Светлый фон

Ну и еще несколько слов о так называемых «блохах».

Дорогие большелитературные авторы и их прекрасные редакторы! Иллюзий, что новая критика может оказать на вас хоть какое-то воспитательное воздействие, у нас нет. Ведь она, известное дело, пишется сплошь злобными да завистливыми неудачниками. А то и вообще проходимцами, согласно вашей же другой мантре: «это не критика!» Тут возразить трудно. Где мы, а где левентали. Иной раз зазудит левая подмышка, потянется к перу… Но понимаешь – нет, не смогу про шпиенов в погонах и с военными билетами, не осилю. Но вы, уважаемые творцы и редакторы, попытайтесь хотя бы прислушаться к голосу тех, ради кого (по идее) вся ваша деятельность и производится. Речь, если что, о читателях. О тех, кого вы «низами» величаете. А они, «низы», от ваших попыток спрятать халтурное отношение к тексту камланием про «ловлю блох» уже откровенно устали. И говорят вам открыто:

«Задумайтесь о метафоричной основе слова “блохи”. Вы имеете в виду нечто мелкое, несущественное. Но, как и в разбираемой книге, вы не в состоянии точно выразить свою мысль. Блохи – это совсем не мелочи. Они не водятся у здорового и опрятного человека. Блохи вызывают брезгливость. Блохи, наконец, переносят смертельные заболевания».

«Для вас любое указание на ошибки суть ловля блох. Не очень корректная метафора. У вашего текста не блохи, у него – клещи, что высасывают из текста всякую жизнь и закрывают своими жирными телами любовно выстроенный сюжетец».

Всякий раз, когда вас потянет на привычное «п-фуй, ну это блохи, а суть-то, а замысел!» – перечитывайте приведенное выше. Вдруг удержитесь. Вдруг начнете учиться писать.

Возращаясь к нашему прозаику Левенталю, надо отдать должное: он свое слово держит.

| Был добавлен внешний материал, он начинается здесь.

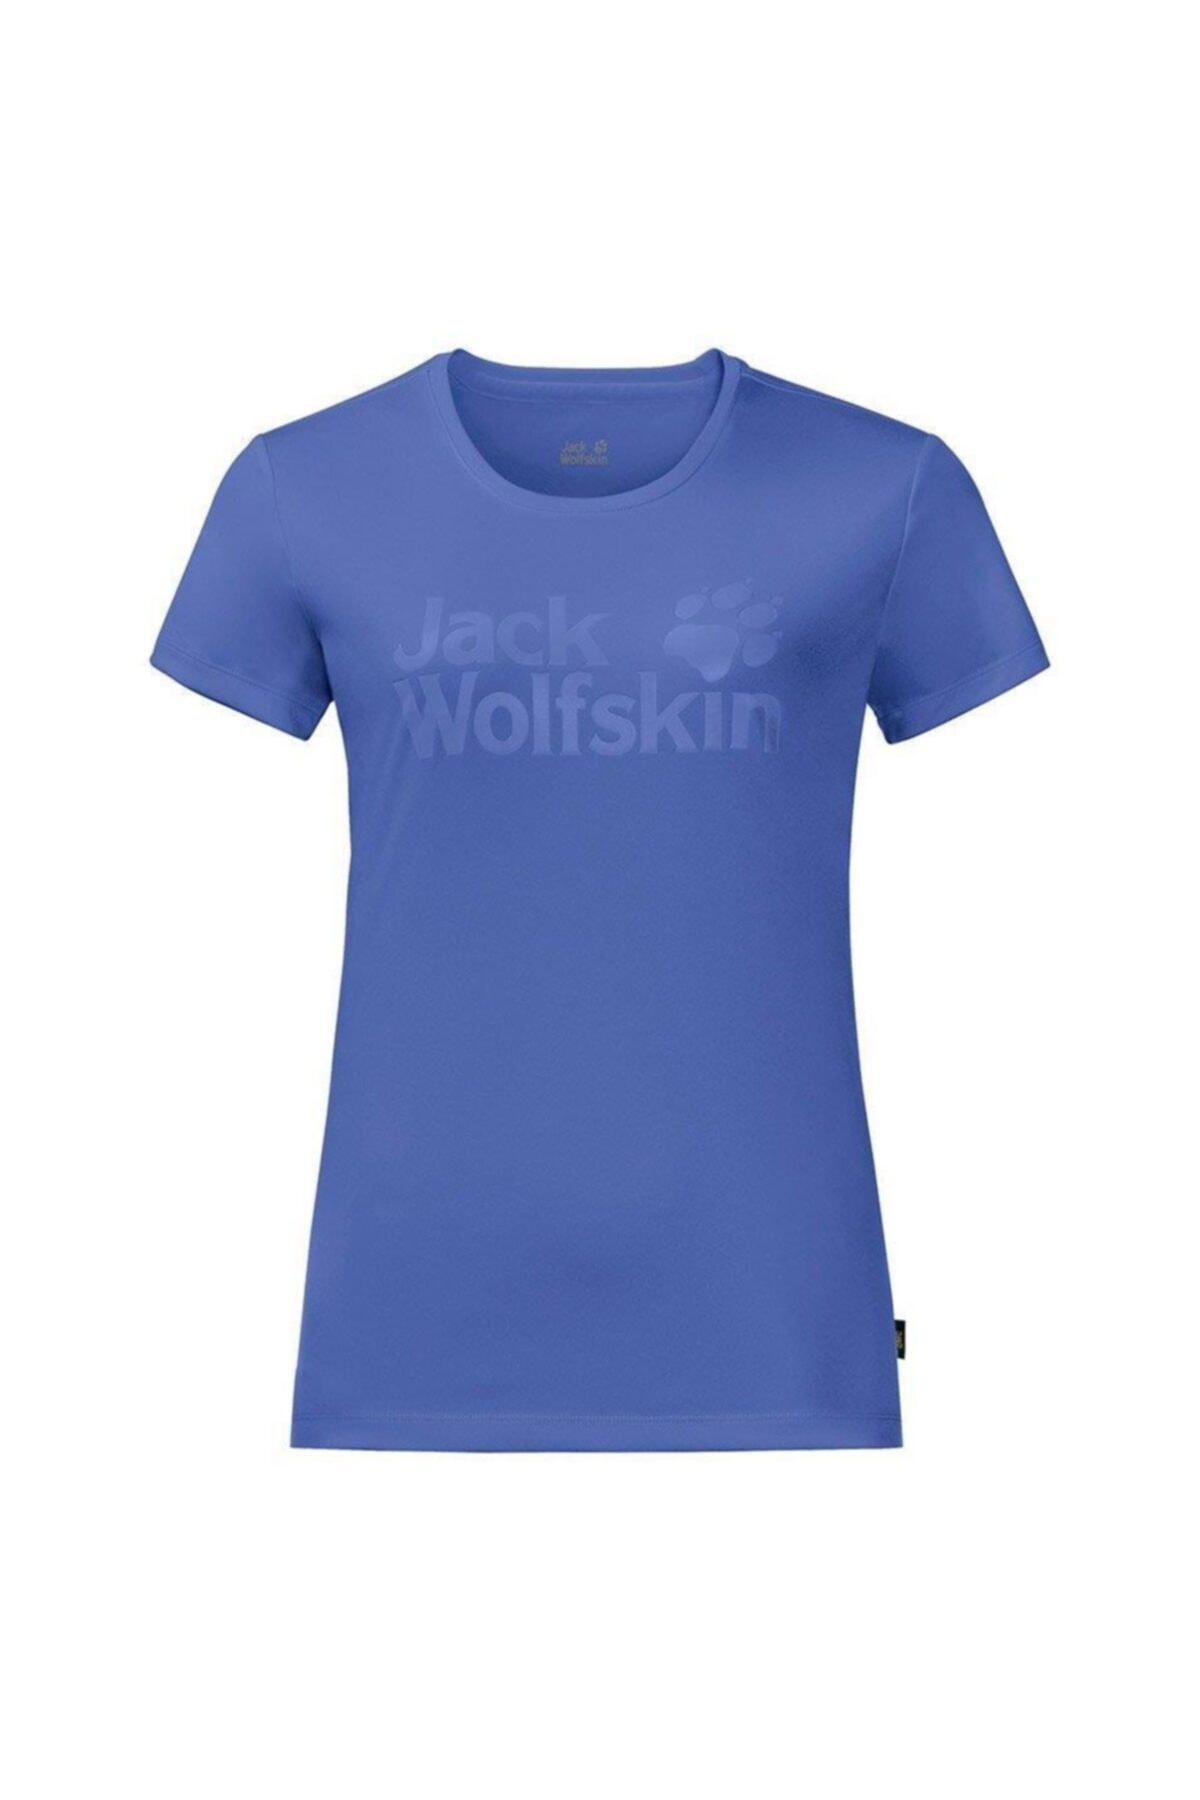 Jack Wolfskin Rock Chill Logo Kadın T-shirt - 1805541-1098 1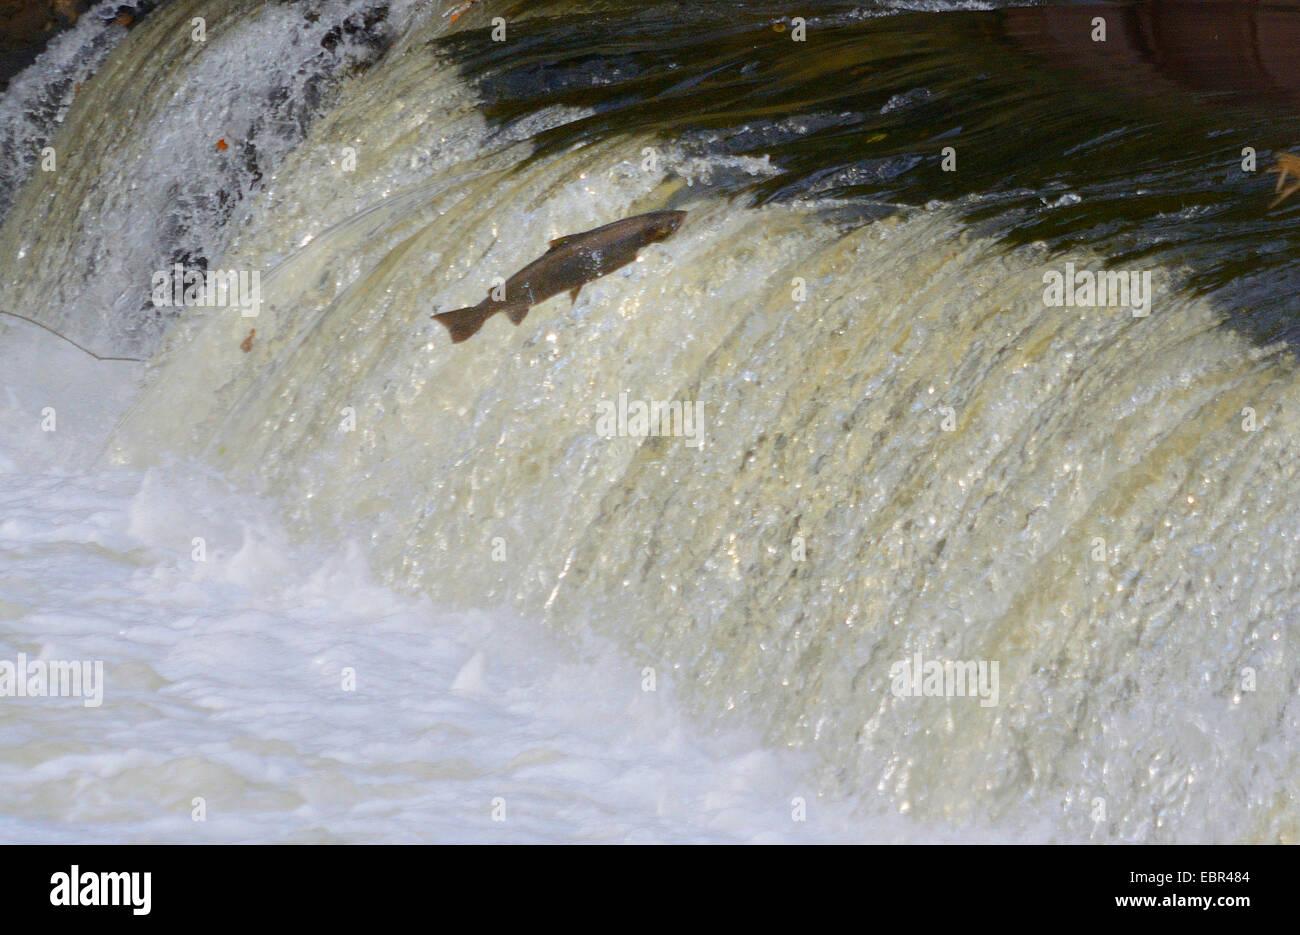 Atlantic salmon, ouananiche, lake Atlantic salmon, landlocked salmon, Sebago salmon (Salmo salar), salmon jumping Stock Photo

Сказал, что: «…не быть как Толстой или Достоевский» – и верно, на Толстого и Достоевского совершенно не похоже.

Зато похоже на Николая Васильевича Гоголя. Вернее, на гоголевского героя Ноздрева. Еще вернее – на ноздревского повара: «Видно, что повар руководствовался более каким-то вдохновеньем и клал первое, что попадалось под руку: стоял ли возле него перец – он сыпал перец, капуста ли попалась – совал капусту, пичкал молоко, ветчину, горох – словом, катай-валяй, было бы горячо, а вкус какой-нибудь, верно, выйдет».

Так и тянет добавить: «совал… американскую тушенку, пачку гречки…».

Закончить, несомненно, надо финальной фразой сочинения маэстро Левенталя: «Становится все яснее гул самолетов. Взвывает воздушная тревога… Гул заставляет стены дрожать, так громко Света не слышала его никогда…. Тихое скрипение, с которым расхлопываются раковины бомболюков. То, что теперь слышит Света, – это величавая немецкая музыка».